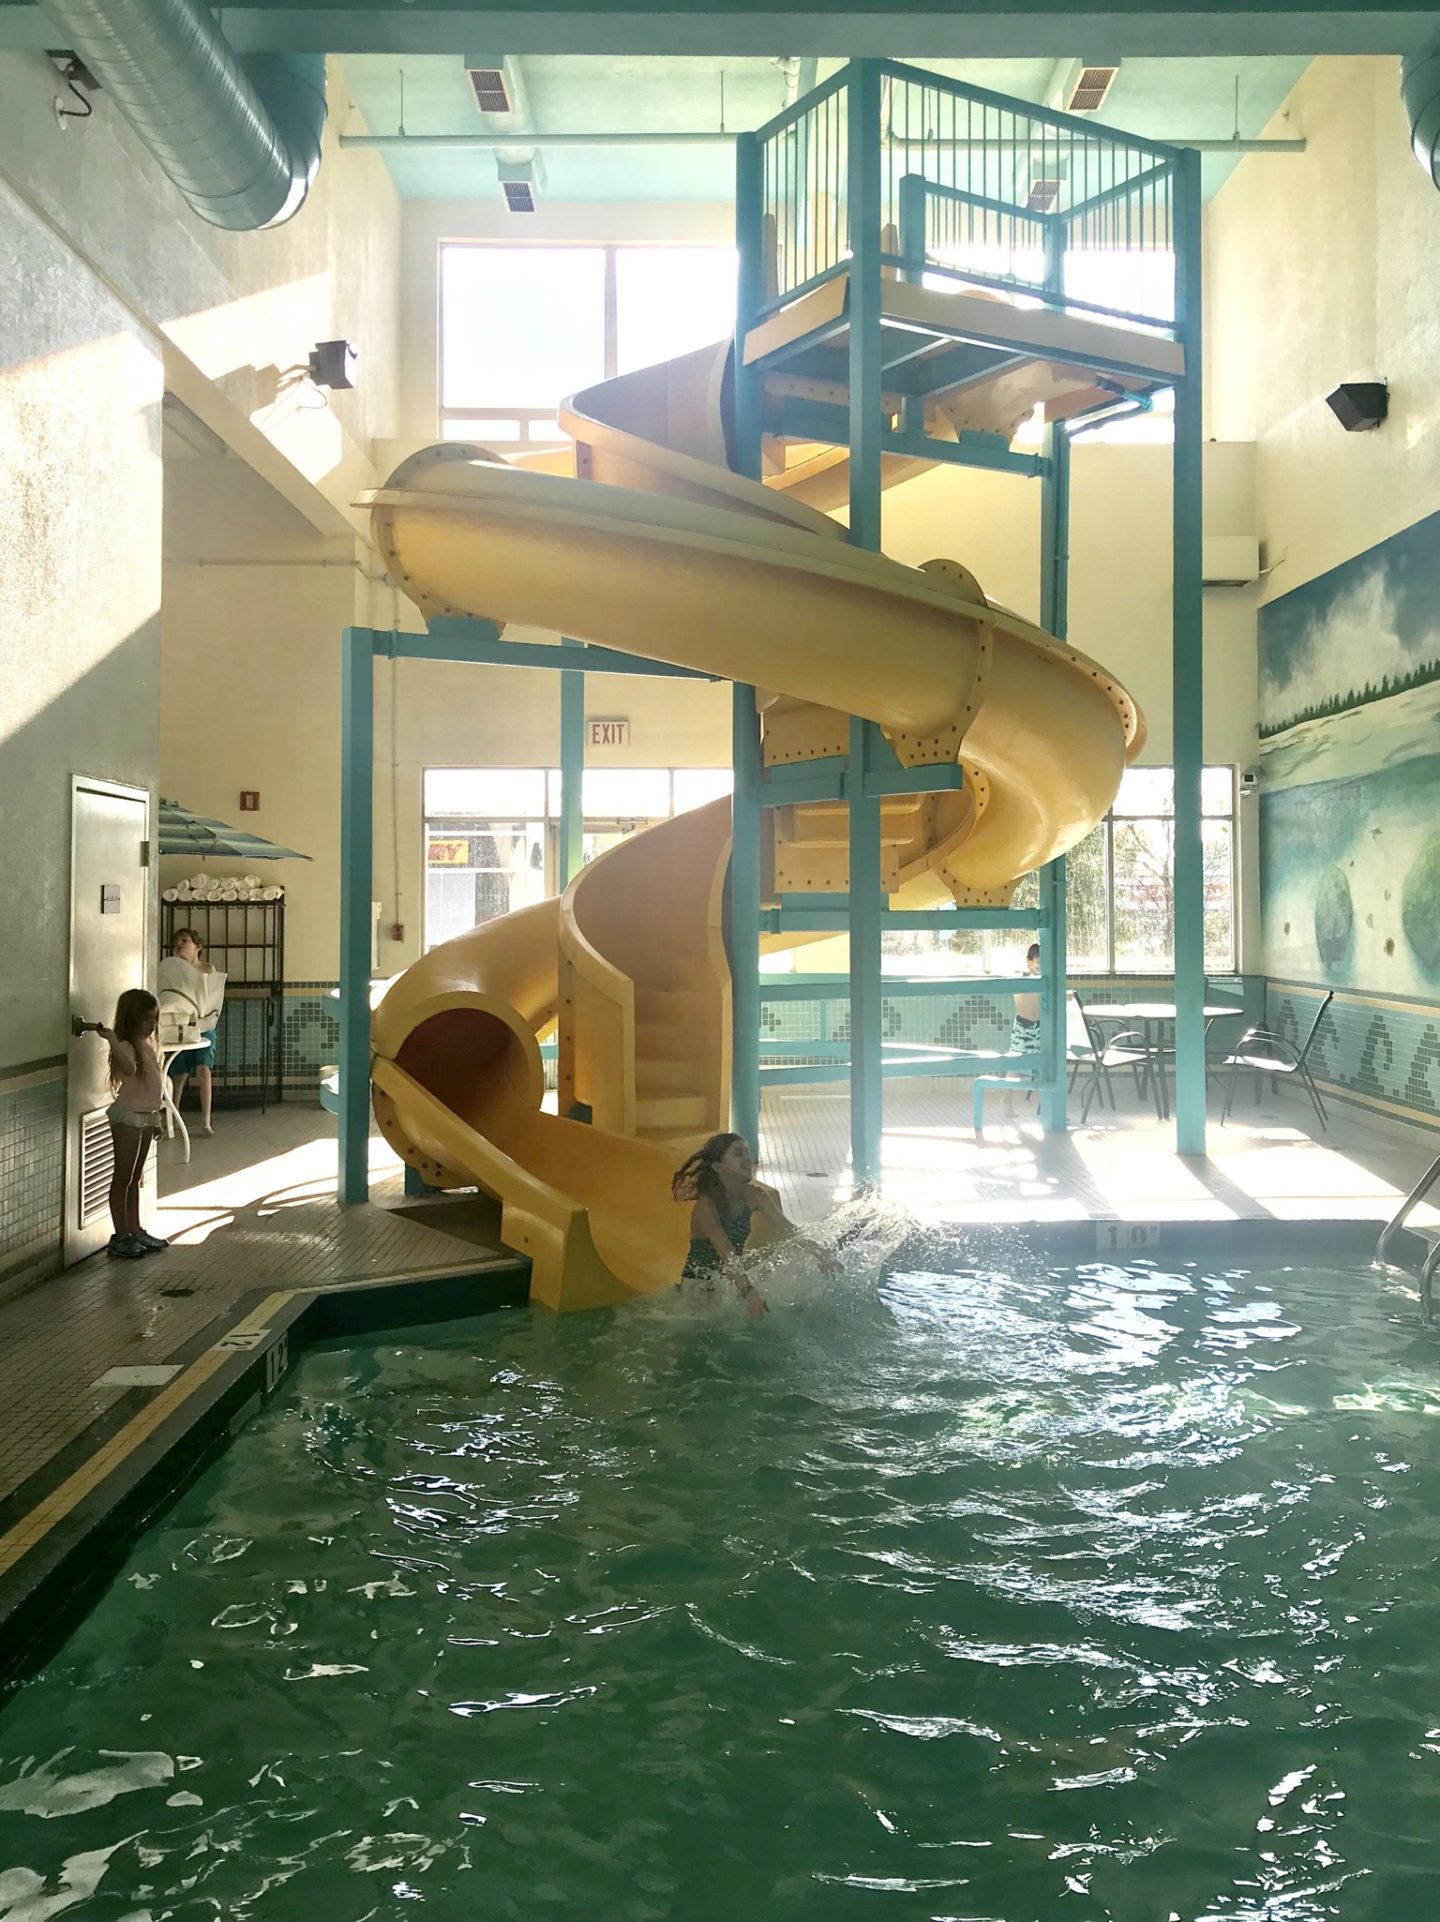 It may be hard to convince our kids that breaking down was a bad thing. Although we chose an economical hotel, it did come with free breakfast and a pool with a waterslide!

...

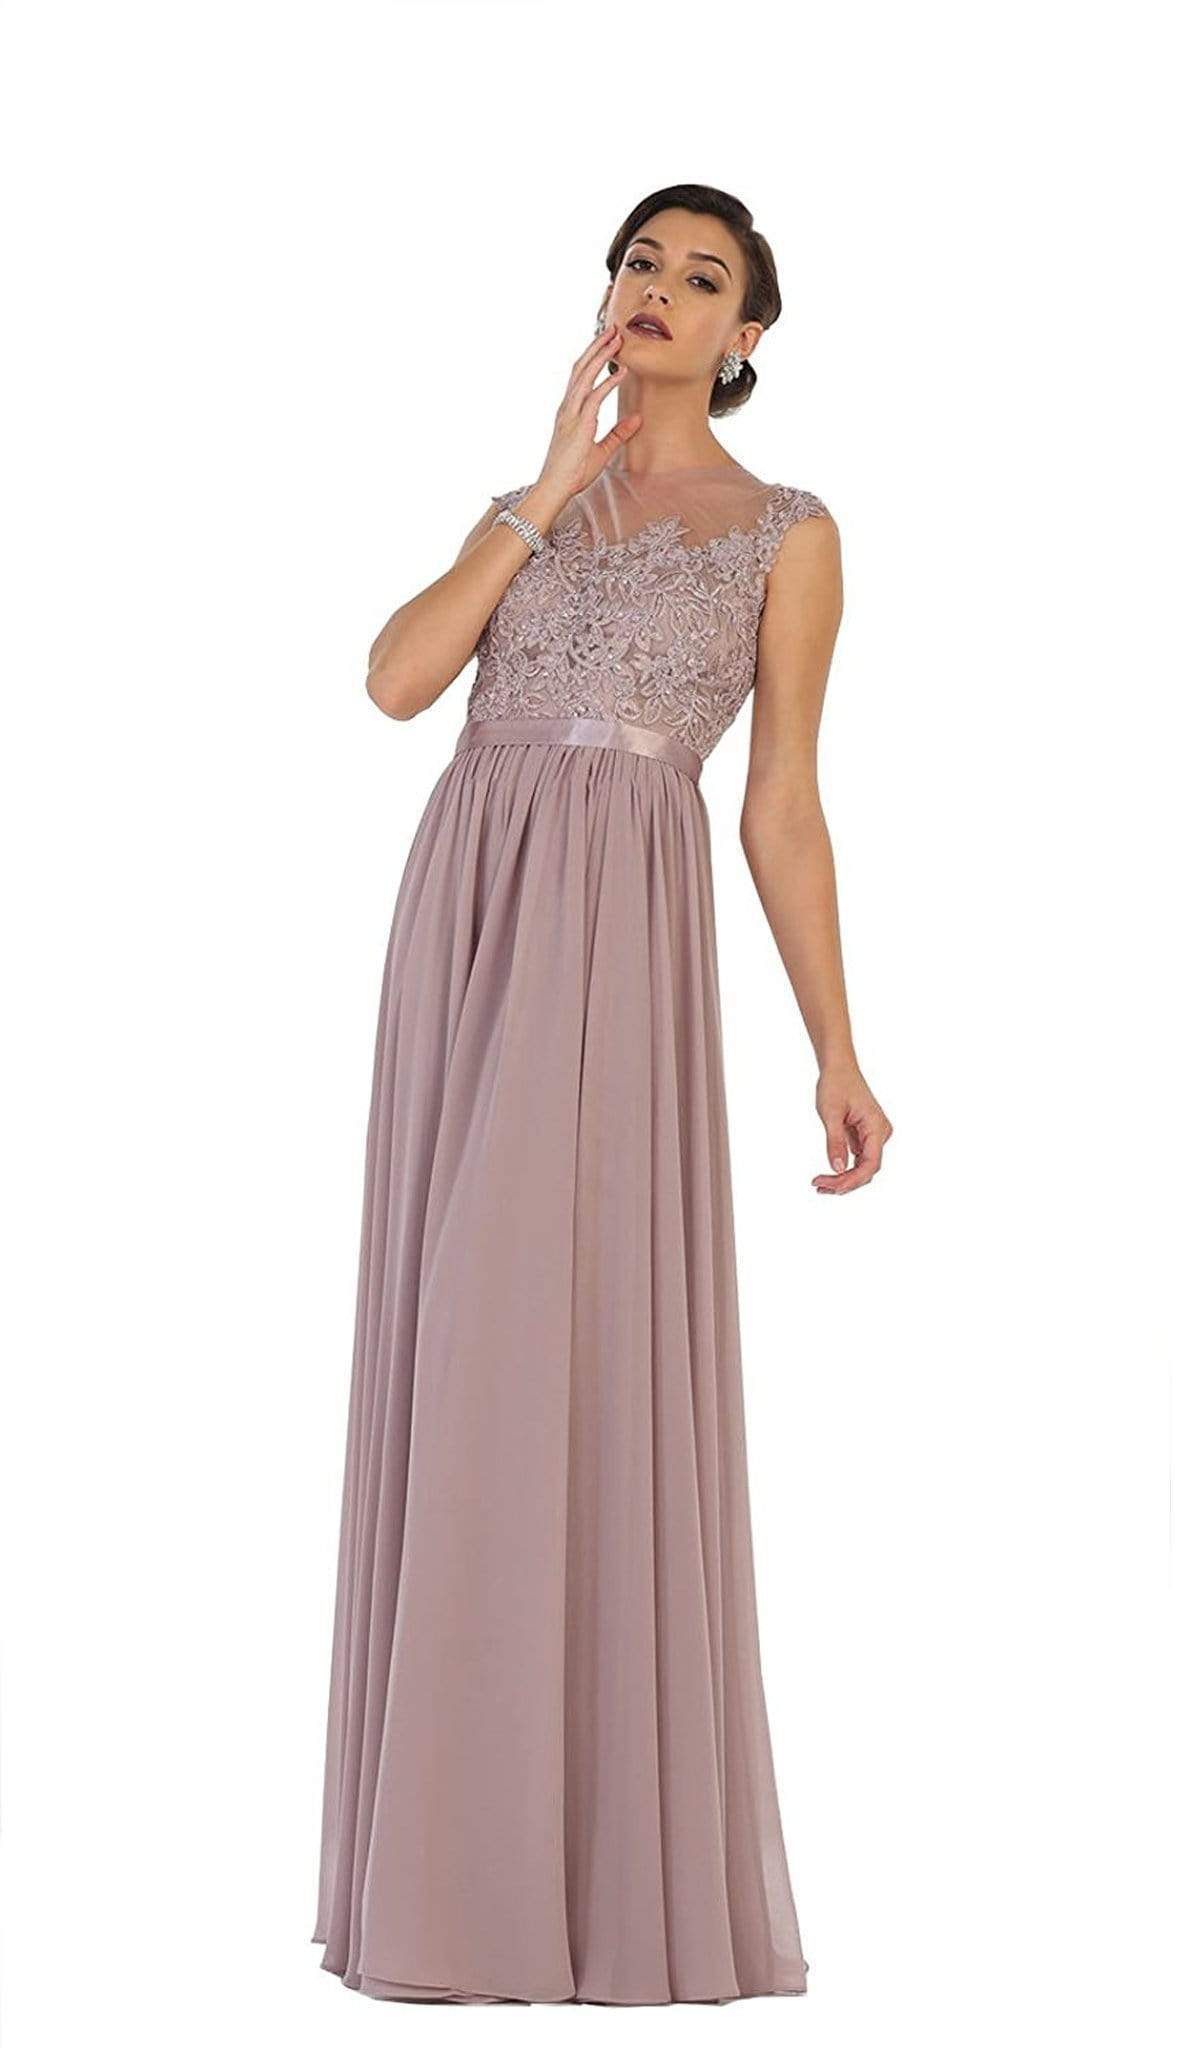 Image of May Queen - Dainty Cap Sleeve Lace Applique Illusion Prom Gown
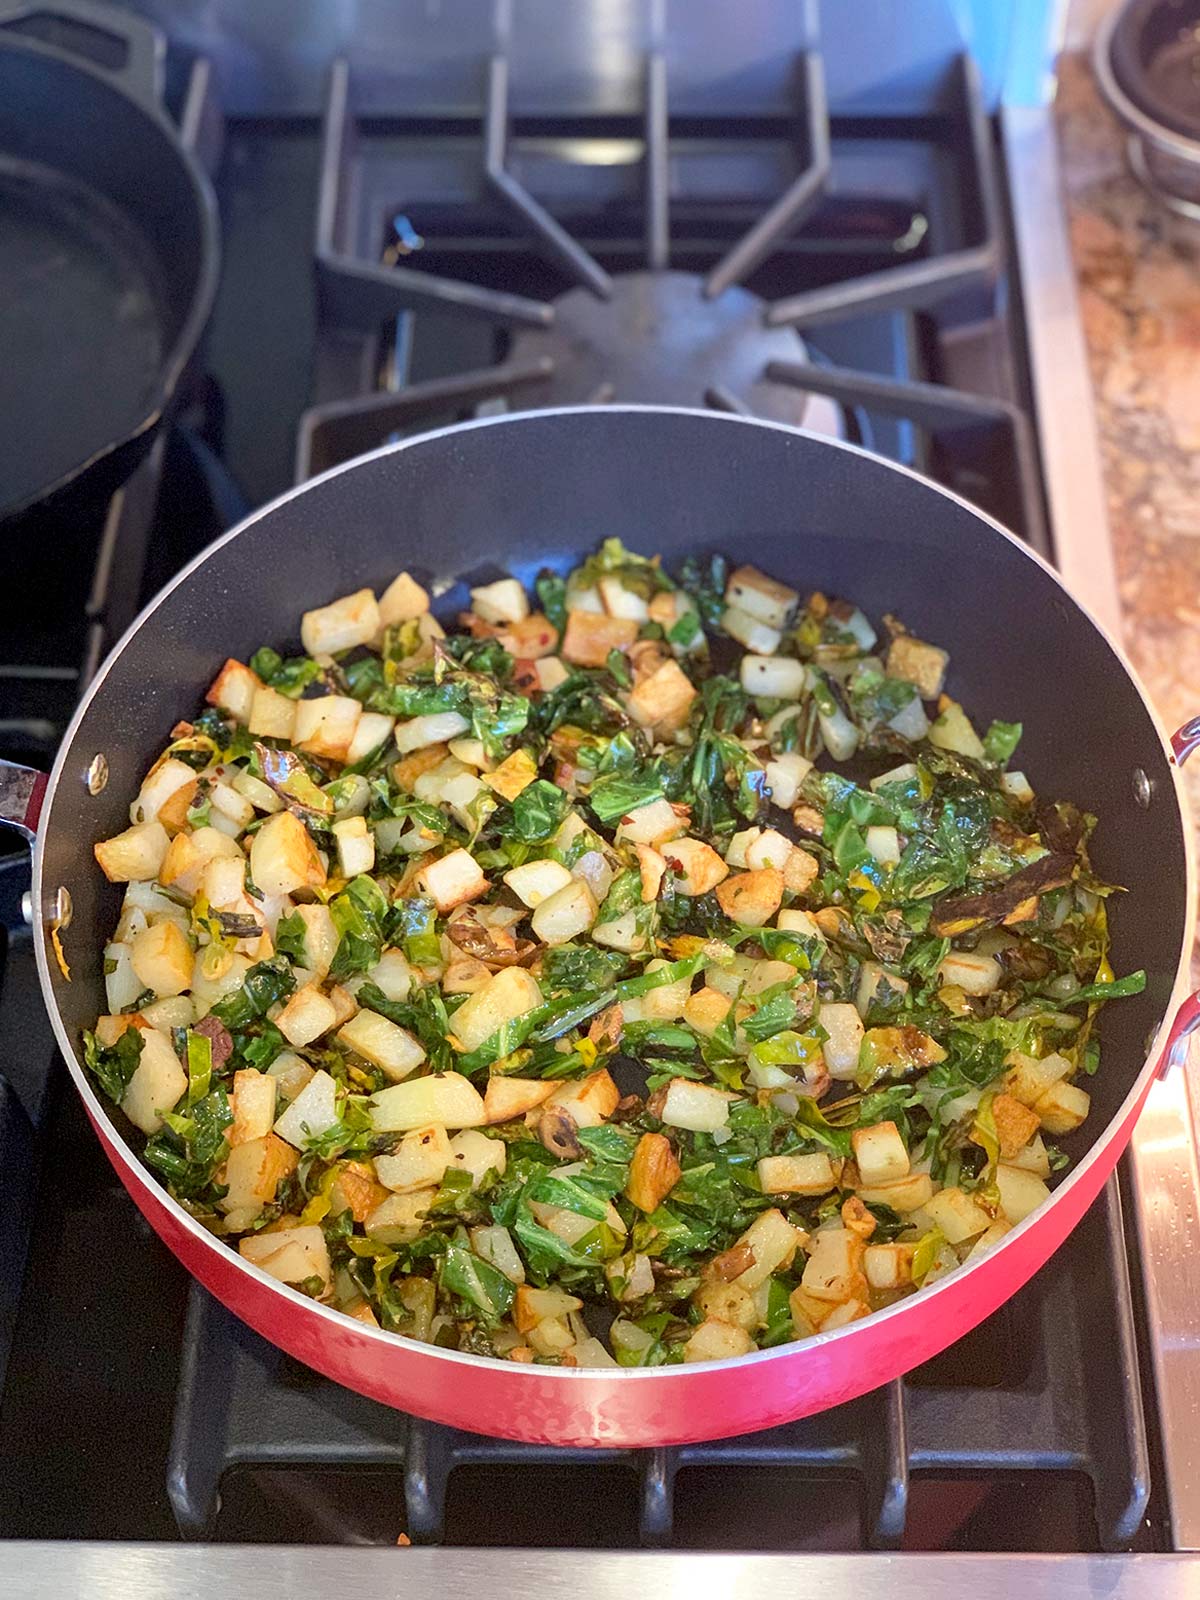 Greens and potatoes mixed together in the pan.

**Problem to work on**. In the listing above, find the line containing "Image of May" and the line containing "Greens and potatoes", then return both of them and every line between, exactly, without pictures.

**Answer to this exercise**.
 Image of May Queen - Dainty Cap Sleeve Lace Applique Illusion Prom Gown
 Greens and potatoes mixed together in the pan.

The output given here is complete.